━━━━━ Data extract ━━━━━

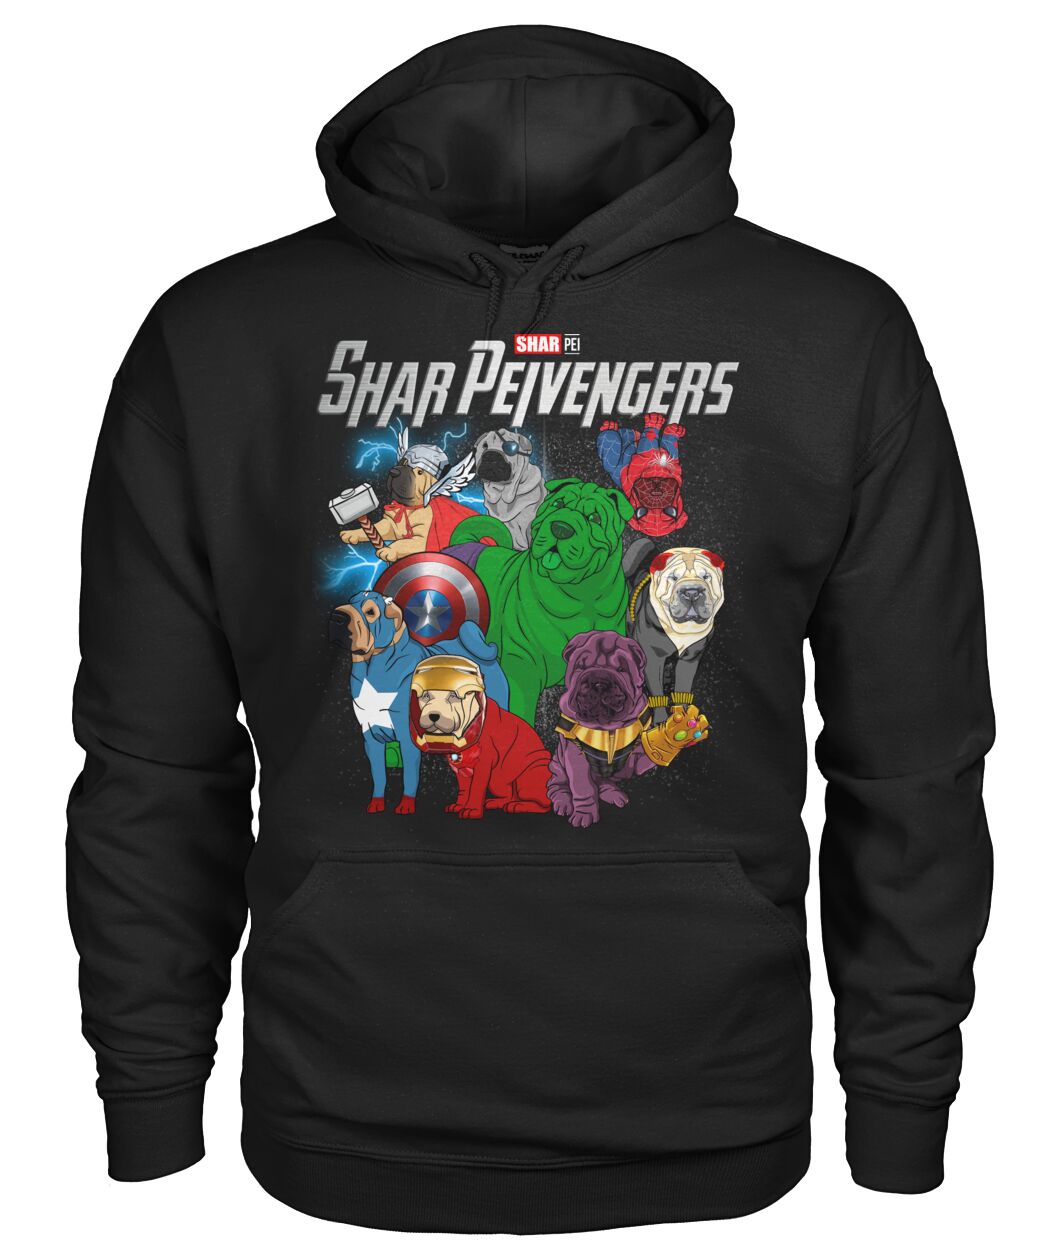 Shar Peivengers 3D Hoodie, Shirt 8
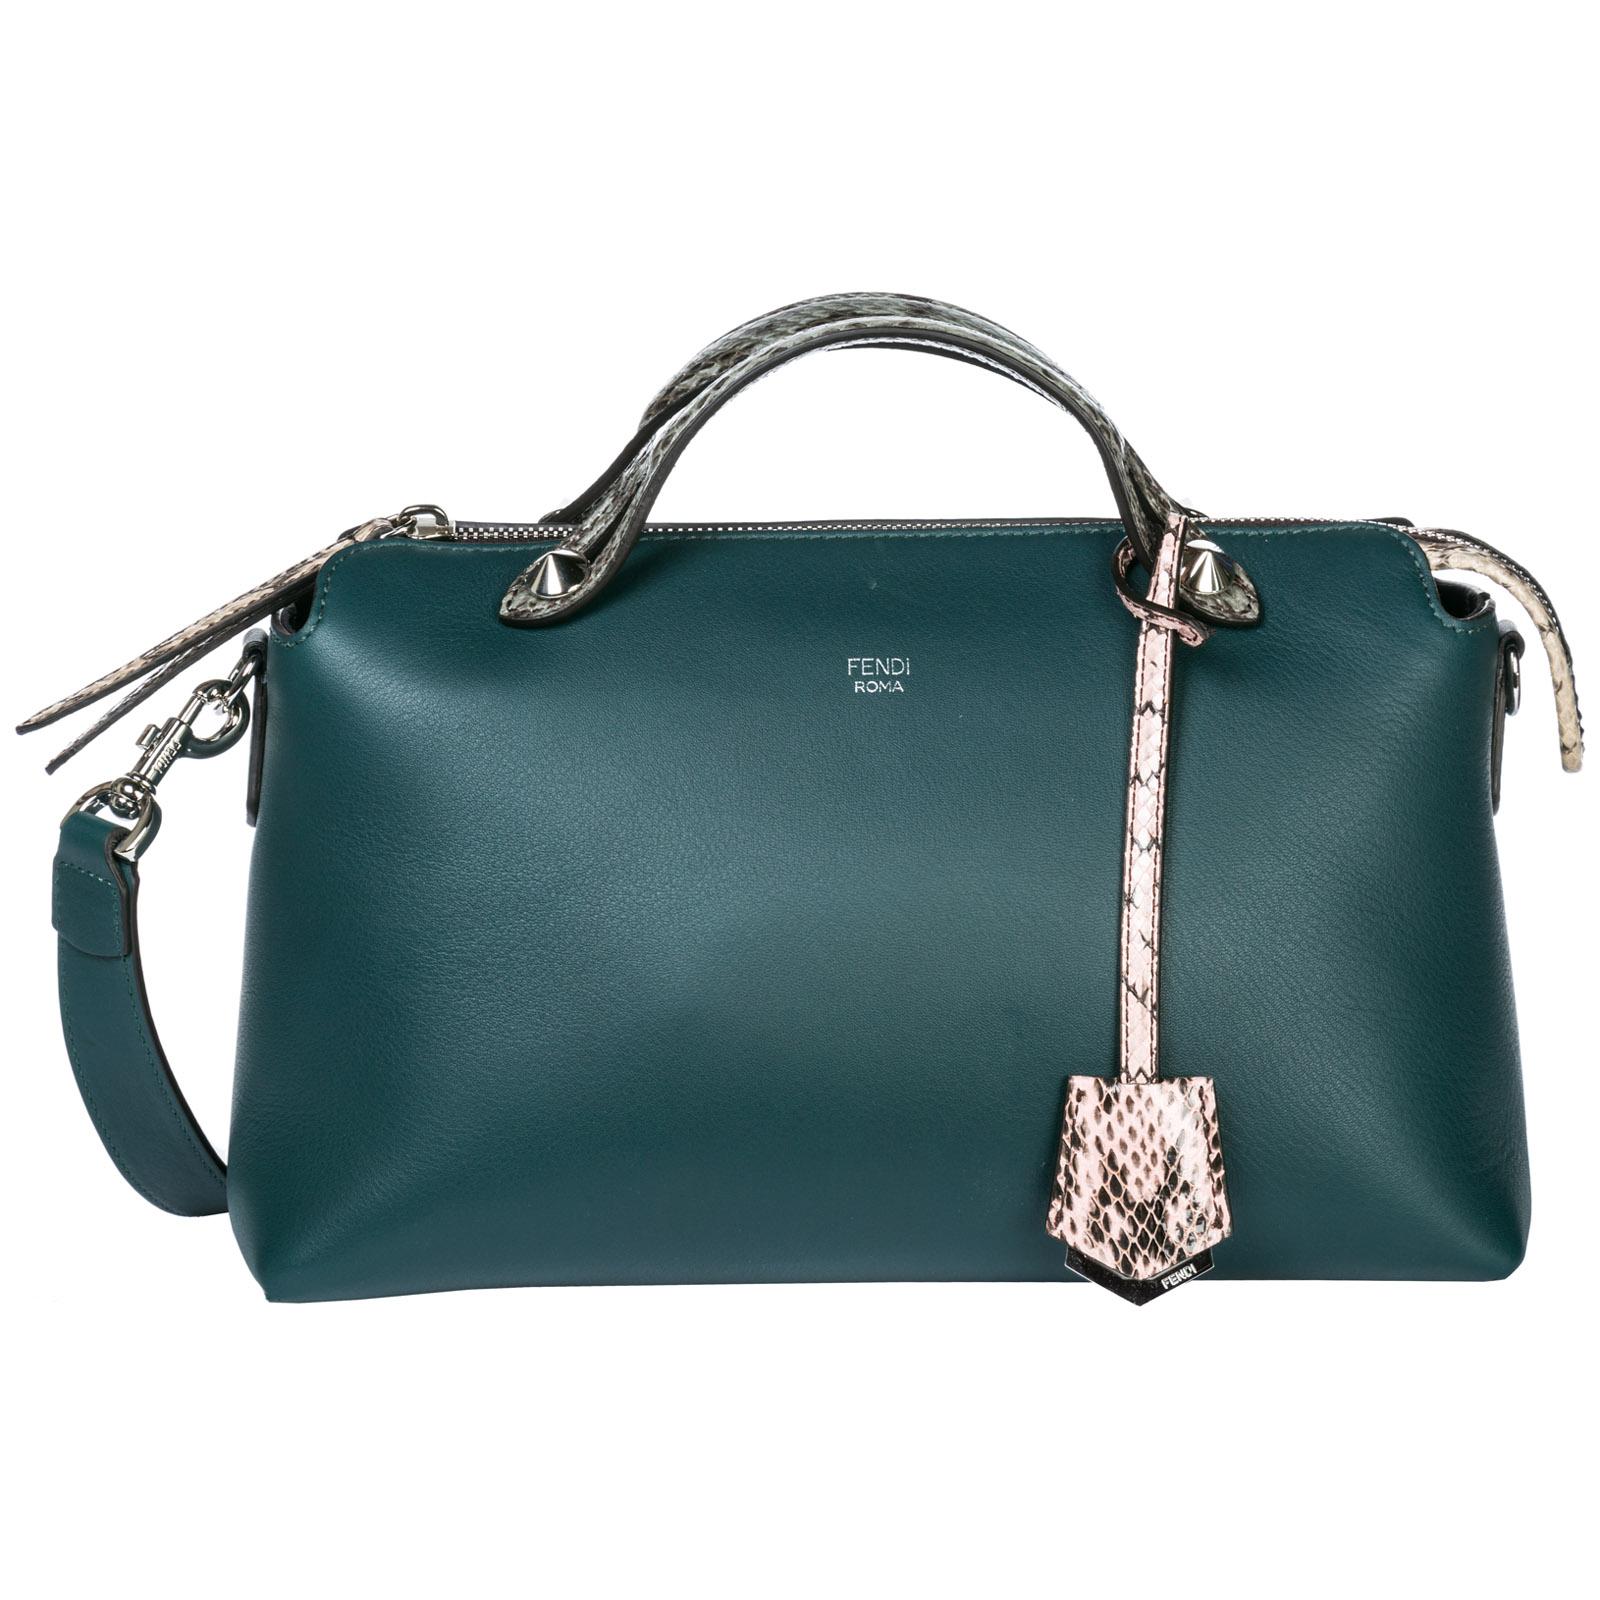 Fendi Handtasche Leder Damen Tasche Damenhandtasche Fass Bag By The Way In Green Modesens
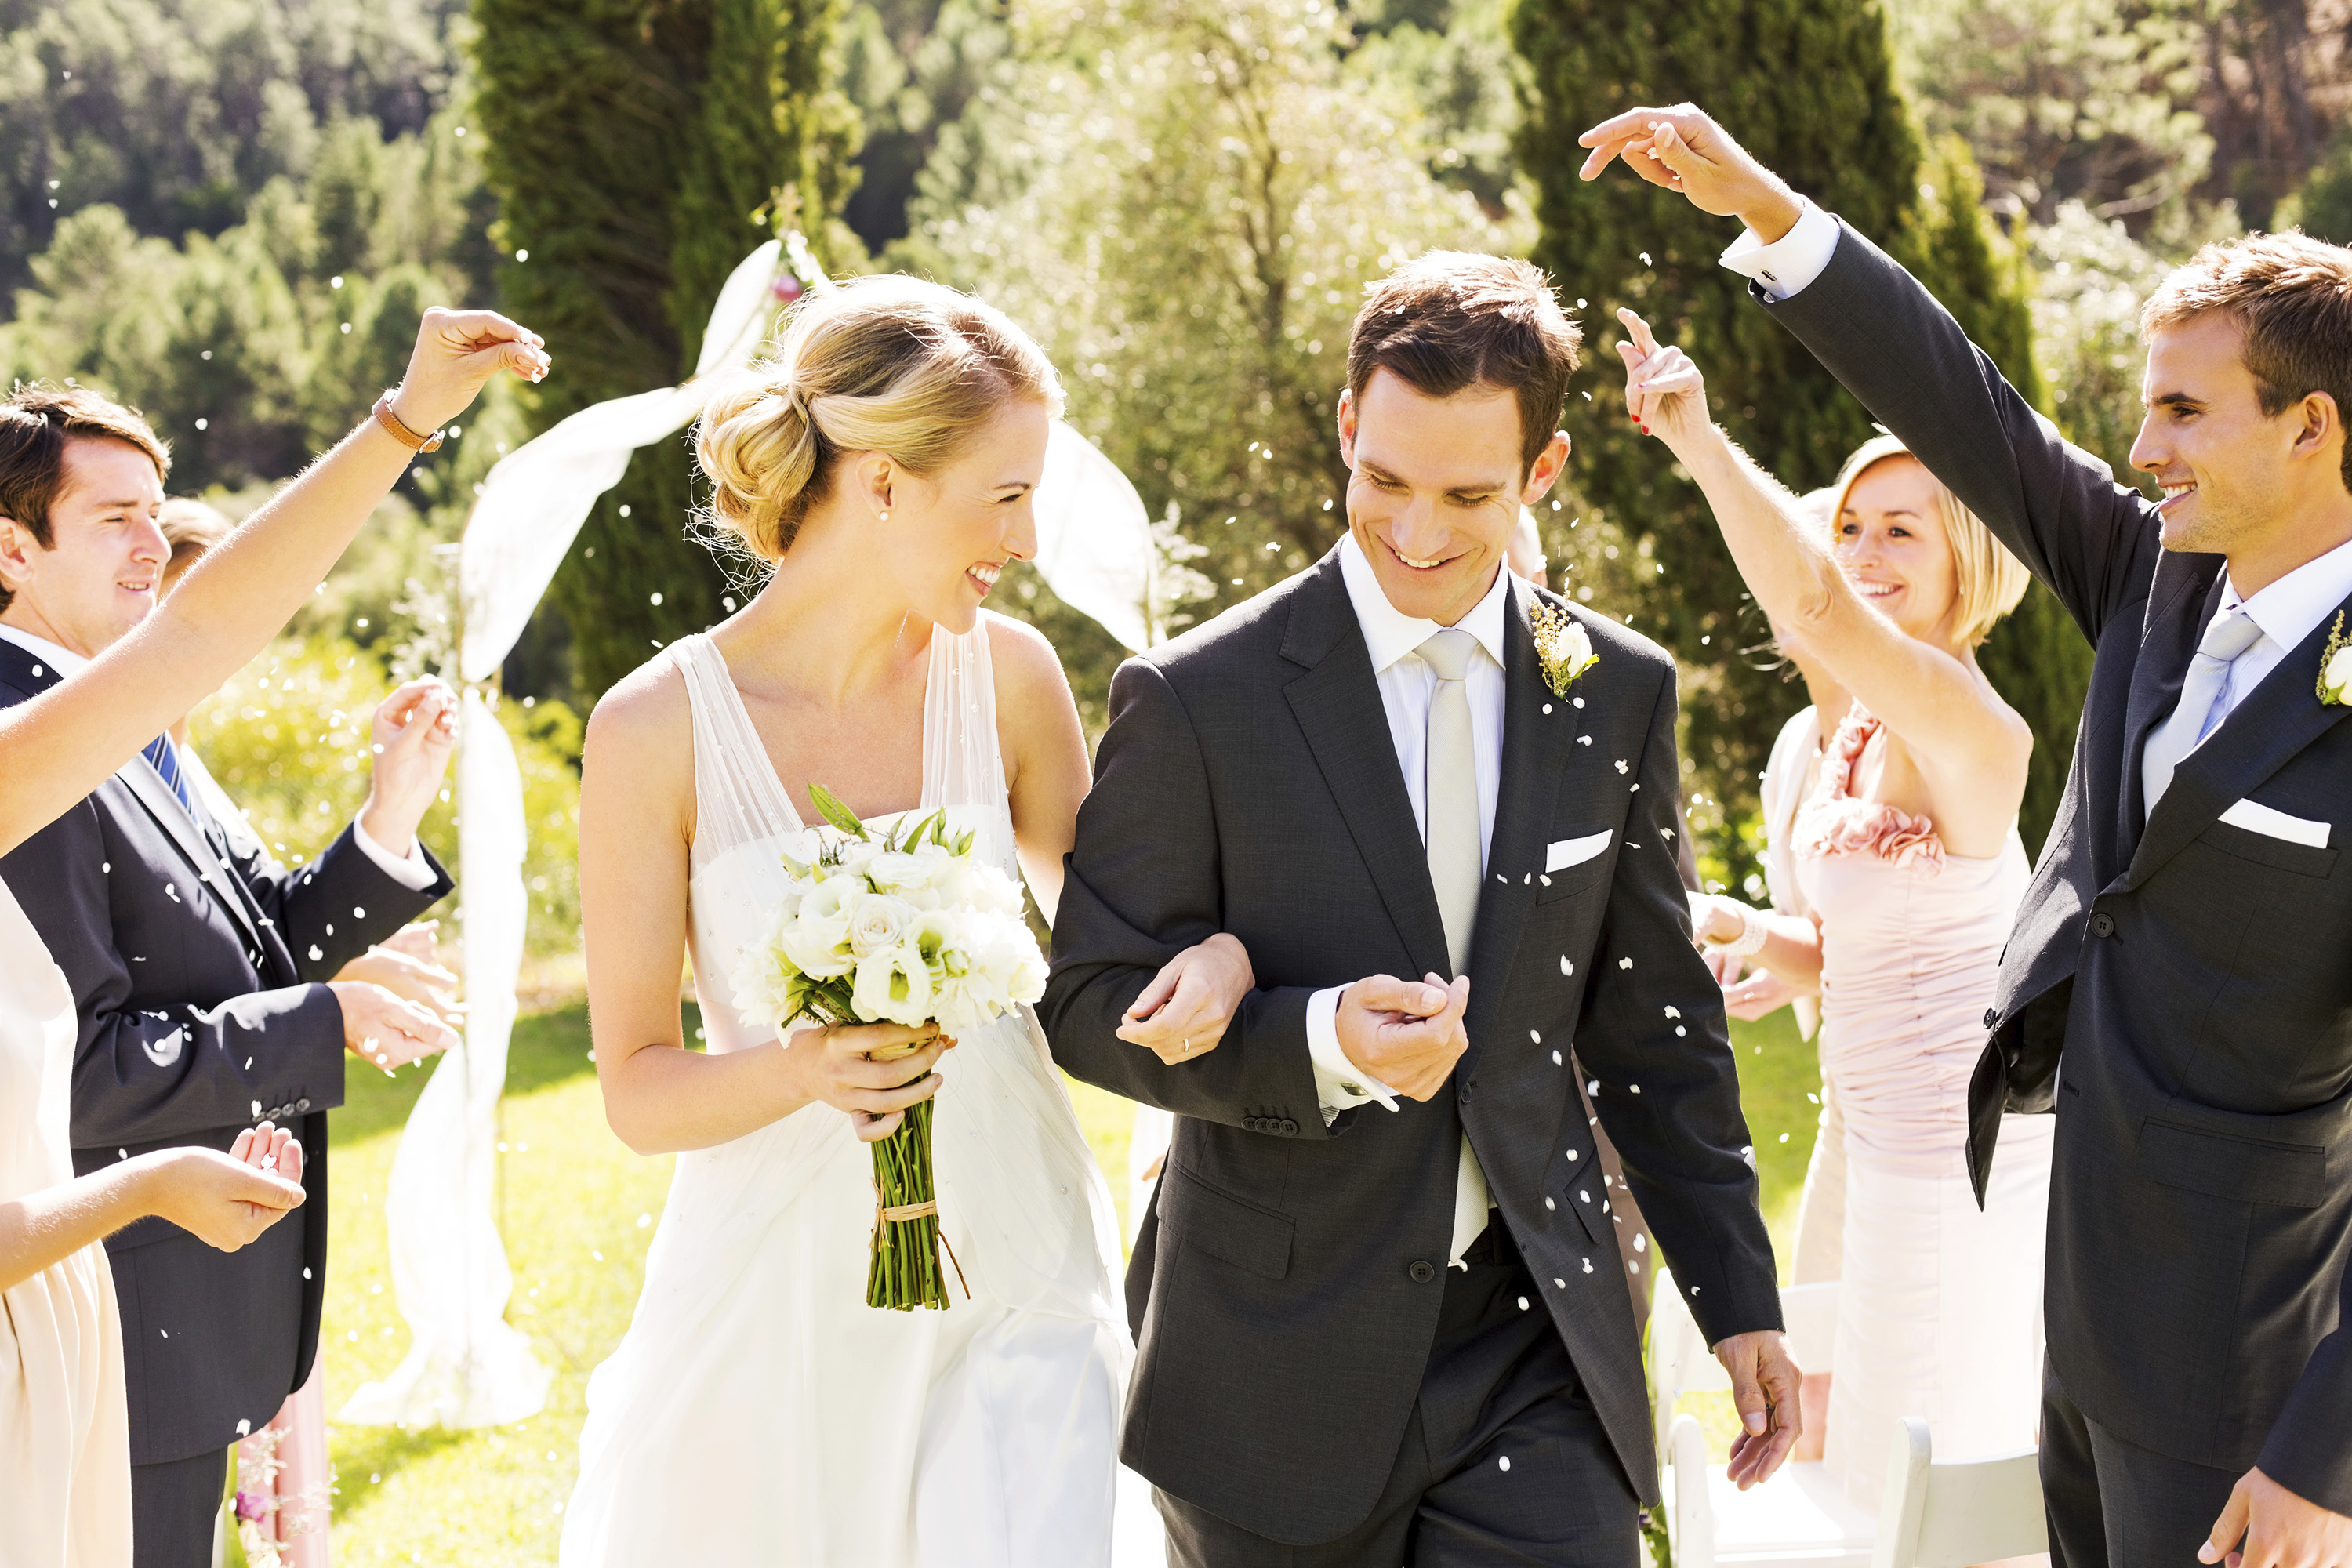 couples-in-love-men-bouquets-wedding-groom-bride-567447-3000x2000.jpg

━━━━━

**Task description**. The listing must be repeated word for word, and none of its pictures may appear in the copy.

**Answer to this problem**.
 Shar Peivengers 3D Hoodie, Shirt 8
 Fendi Handtasche Leder Damen Tasche Damenhandtasche Fass Bag By The Way In Green Modesens
 couples-in-love-men-bouquets-wedding-groom-bride-567447-3000x2000.jpg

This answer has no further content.